Canadian Natural Resources Limited | 24 | Three months ended March 31, 2021 |
LIQUIDITY AND CAPITAL RESOURCES
($ millions, except ratios) | Mar 31 2021 | Dec 31 2020 | Mar 31 2020 | ||||||||||||||||||||||||||
Working capital (1) | $ | 626 | $ | 626 | $ | 683 | |||||||||||||||||||||||
Long-term debt (2) (3) | $ | 20,009 | $ | 21,453 | $ | 22,687 | |||||||||||||||||||||||
Less: cash and cash equivalents | 166 | 184 | 1,071 | ||||||||||||||||||||||||||
Long-term debt, net | $ | 19,843 | $ | 21,269 | $ | 21,616 | |||||||||||||||||||||||
Share capital | $ | 9,685 | $ | 9,606 | $ | 9,517 | |||||||||||||||||||||||
Retained earnings | 23,567 | 22,766 | 23,425 | ||||||||||||||||||||||||||
Accumulated other comprehensive (loss) income | (21) | 8 | 320 | ||||||||||||||||||||||||||
Shareholders’ equity | $ | 33,231 | $ | 32,380 | $ | 33,262 | |||||||||||||||||||||||
Debt to book capitalization (3) (4) | 37.4% | 39.6% | 39.4% | ||||||||||||||||||||||||||
Debt to market capitalization (3) (5) | 30.1% | 37.0% | 48.7% | ||||||||||||||||||||||||||
After-tax return on average common shareholders’ equity (6) | 6.8% | (1.3)% | 9.4% | ||||||||||||||||||||||||||
After-tax return on average capital employed (3) (7) | 5.1% | 0.2% | 6.8% |
(1)Calculated as current assets less current liabilities, excluding the current portion of long-term debt.

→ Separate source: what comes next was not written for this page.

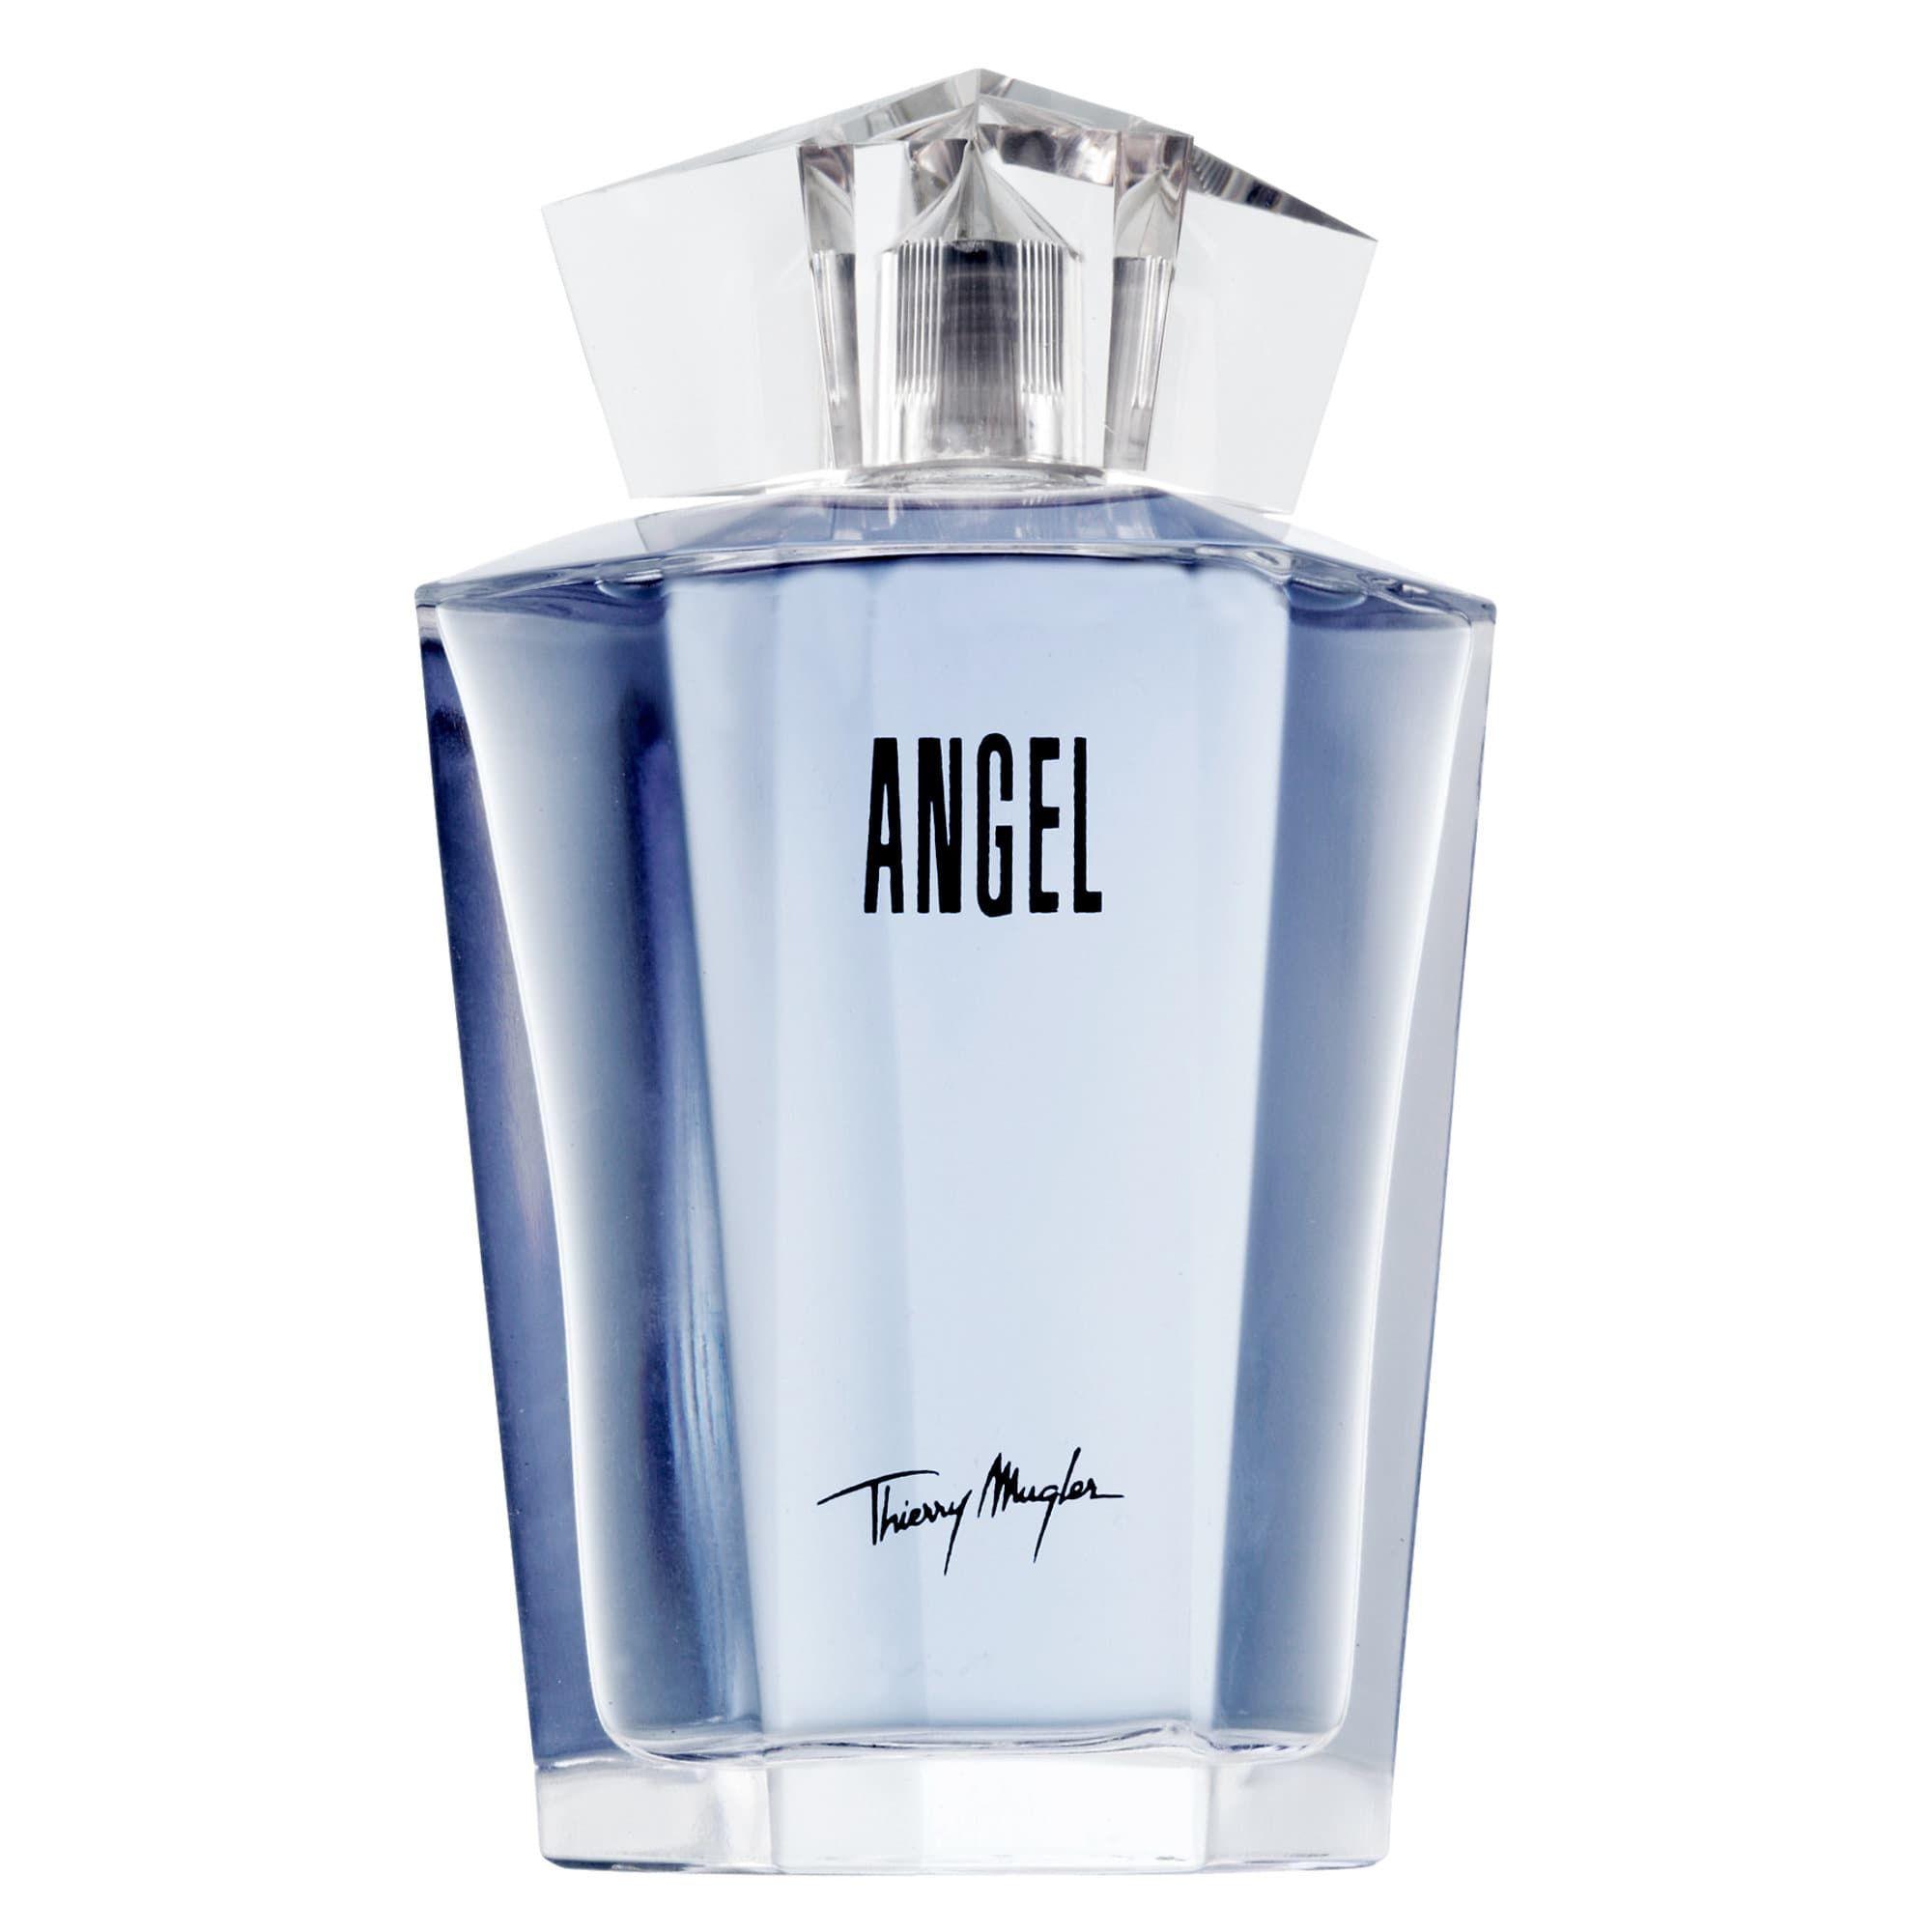 Mugler Angel 34 Oz 100 Ml Eau De Parfum Rising Star Refillable

(2)Includes the current portion of long-term debt.
(3)Long-term debt is stated at its carrying value, net of original issue discounts and premiums and transaction costs.
(4)Calculated as net current and long-term debt; divided by the book value of common shareholders’ equity plus net current and long-term debt.
(5)Calculated as net current and long-term debt; divided by the market value of common shareholders’ equity plus net current and long-term debt.
(6)Calculated as net earnings (loss) for the twelve month trailing period; as a percentage of average common shareholders’ equity for the twelve month trailing period.
(7)Calculated as net earnings (loss) plus after-tax interest and other financing expense for the twelve month trailing period; as a percentage of average capital employed (defined as current and long-term debt plus shareholders' equity) for the twelve month trailing period.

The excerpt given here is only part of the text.